Backing up Trump’s support of Taiwan, the most recent G7 meeting dropped its references to One-China policies, removing the sentence, ‘We do not support Taiwan independence.’ Doing so triggered the usual unhinged response from China, this time delivered via their embassy in Canada.
It is common practice to move strategic assets to safer locations away from the front line when war lingers, and expanding chip manufacturing to America is effectively putting a military advantage into a safe. Once operational, it ensures America has access to the technology it requires to defend Taiwan, and its allies.
It is my view that many diplomats and politicians share strategic thinking with those from the first world war, whose mindset was wholly unprepared for conflict. They were stuck in the idea that trade represented security and no large trading partner would risk their piles of cash to wage war. They were wrong. Trade has the structure of clouds. They can cause a powerful storm but you will still fall straight through them. You have to think like a general guarding pieces, not a banker trading assets. Politics and war are the same entity.
As for the musings on North Korea, it is not at all obvious what will happen. Caught between Russia and China, North Korea’s future could change dramatically depending upon the peace deal between Ukraine and Russia. If Putin decides to realign Russia with the West, and nudge China aside, then North Korea will be left as the awkward piece on the geopolitical board that doesn’t quite fit. Is it likely that Trump could leverage his personal relationship with Kim Jong-un and de-radicalise the hermit kingdom? No. But it is possible that Putin and Trump could manage it with a few lifelines, probably to the annoyance of Xi Jinping who likes having the Wild Card of North Korea scaring the Pacific? Yes. There are ways to spin that future. China could also offer riches to Kim and use him to create a disaster.
No one is going to criticise a commentator for failing to foresee the Gaza Riviera, but the general idea behind the Trump shakeup was predictable … if you speak the language of a businessman.
The World Economic Forum spent years telling us they wanted a Great Reset, well, here it is. Trump is resetting pretty much every rule and game, forcing a necessary return to first principles.
In many ways, this shock tactic replicates the policy cleansing that takes place during wartime, without the war.
For the West to survive this century as the dominant power, it has to be feared.

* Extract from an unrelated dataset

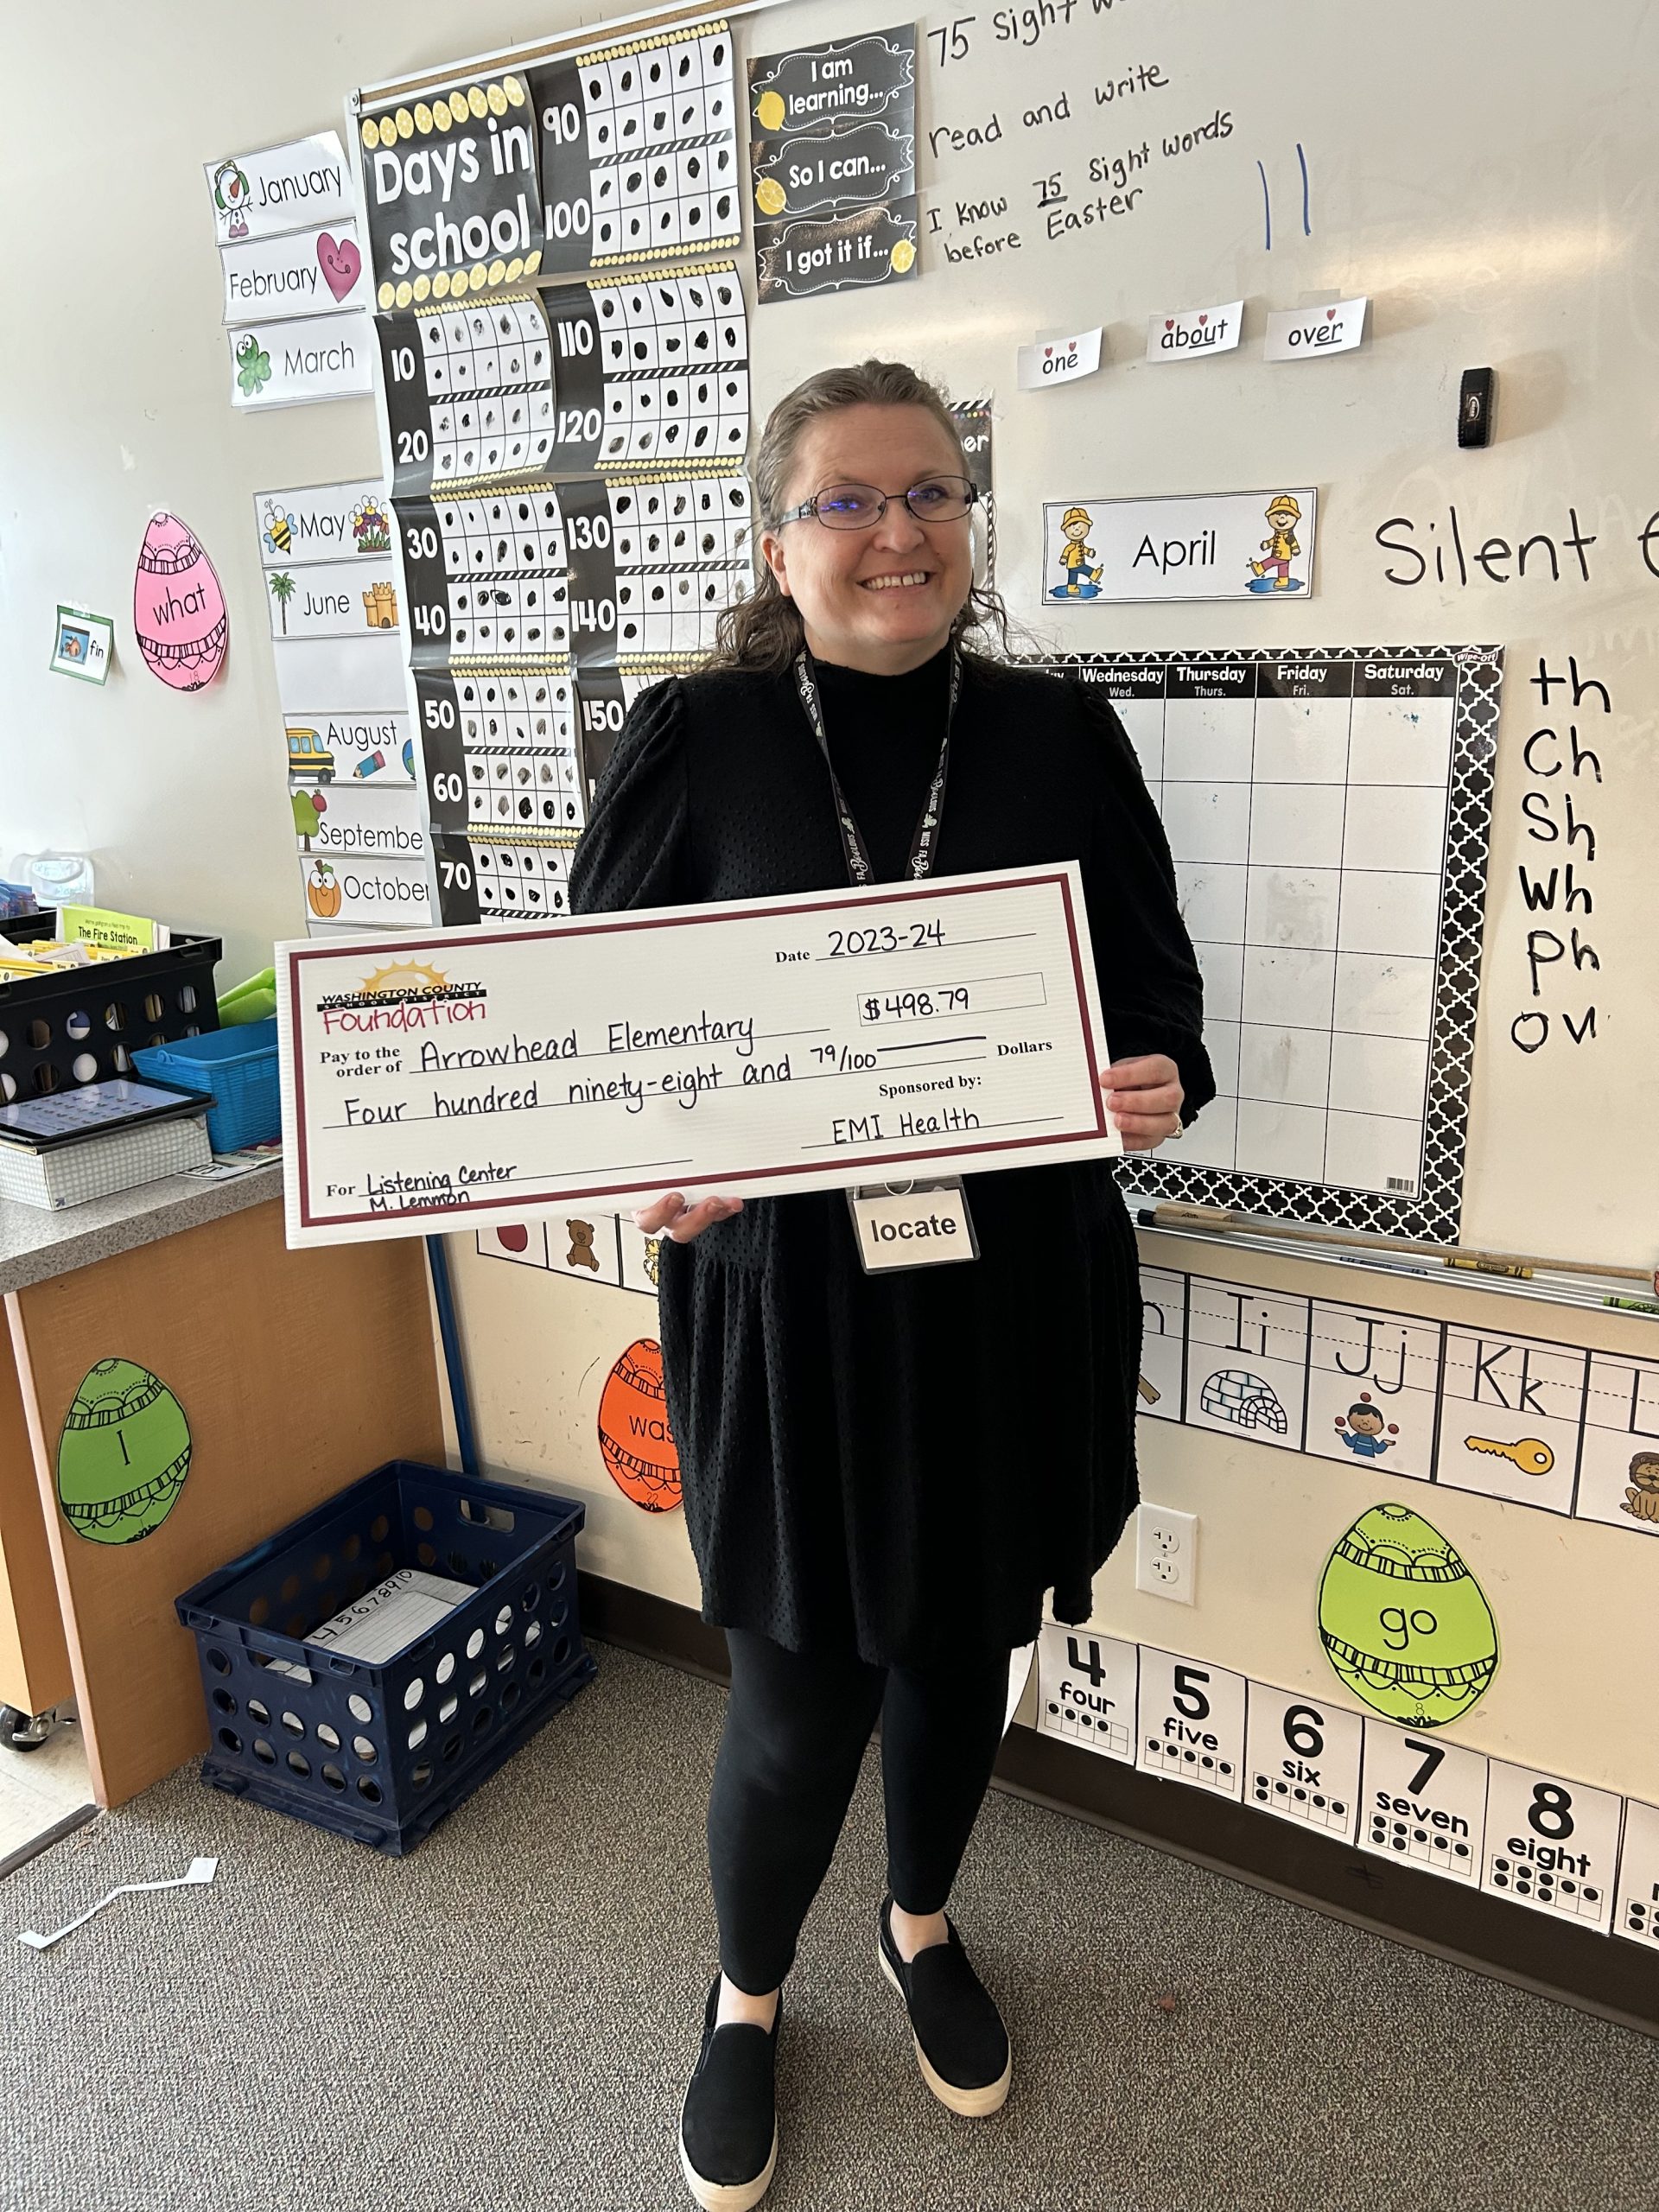 Mrs. Lemmon received a Foundation Grant for the 2023-24 school year. Thank you EMI Health for new listening center for our classroom.

America is not becoming protectionist, as claimed by numerous papers in recent weeks, it is becoming defensive. These might look the same at a glance, but a protectionist empire does not empower others as Trump has done by goading the Europeans into being responsible.
When it comes to predictions, you have to know what a leader wants for their nation to guess what they will do. Whether Russia accepts a peace deal with Ukraine, for example, it is not so much about the terms offered with Ukraine but rather how wary Putin is of China’s growing power. He is a student of history, and he knows the risk of a so-called friend in charge of an expansionist empire. China could turn on Russia as Hitler turned on Stalin. America is a safer global leader and the oligarchs in his regime are growing restless about Russia’s exclusion from the West. With a strengthened Europe on one side, the last thing Putin wants is China to stir chaos in the Pacific and demand help. Suddenly Russia really could be stretched and incapable of holding its position in Ukraine and Crimea.
The map is shaped by military reality, not moral clarity. We can only wait to see if it is our hopes that come to pass, not our fears.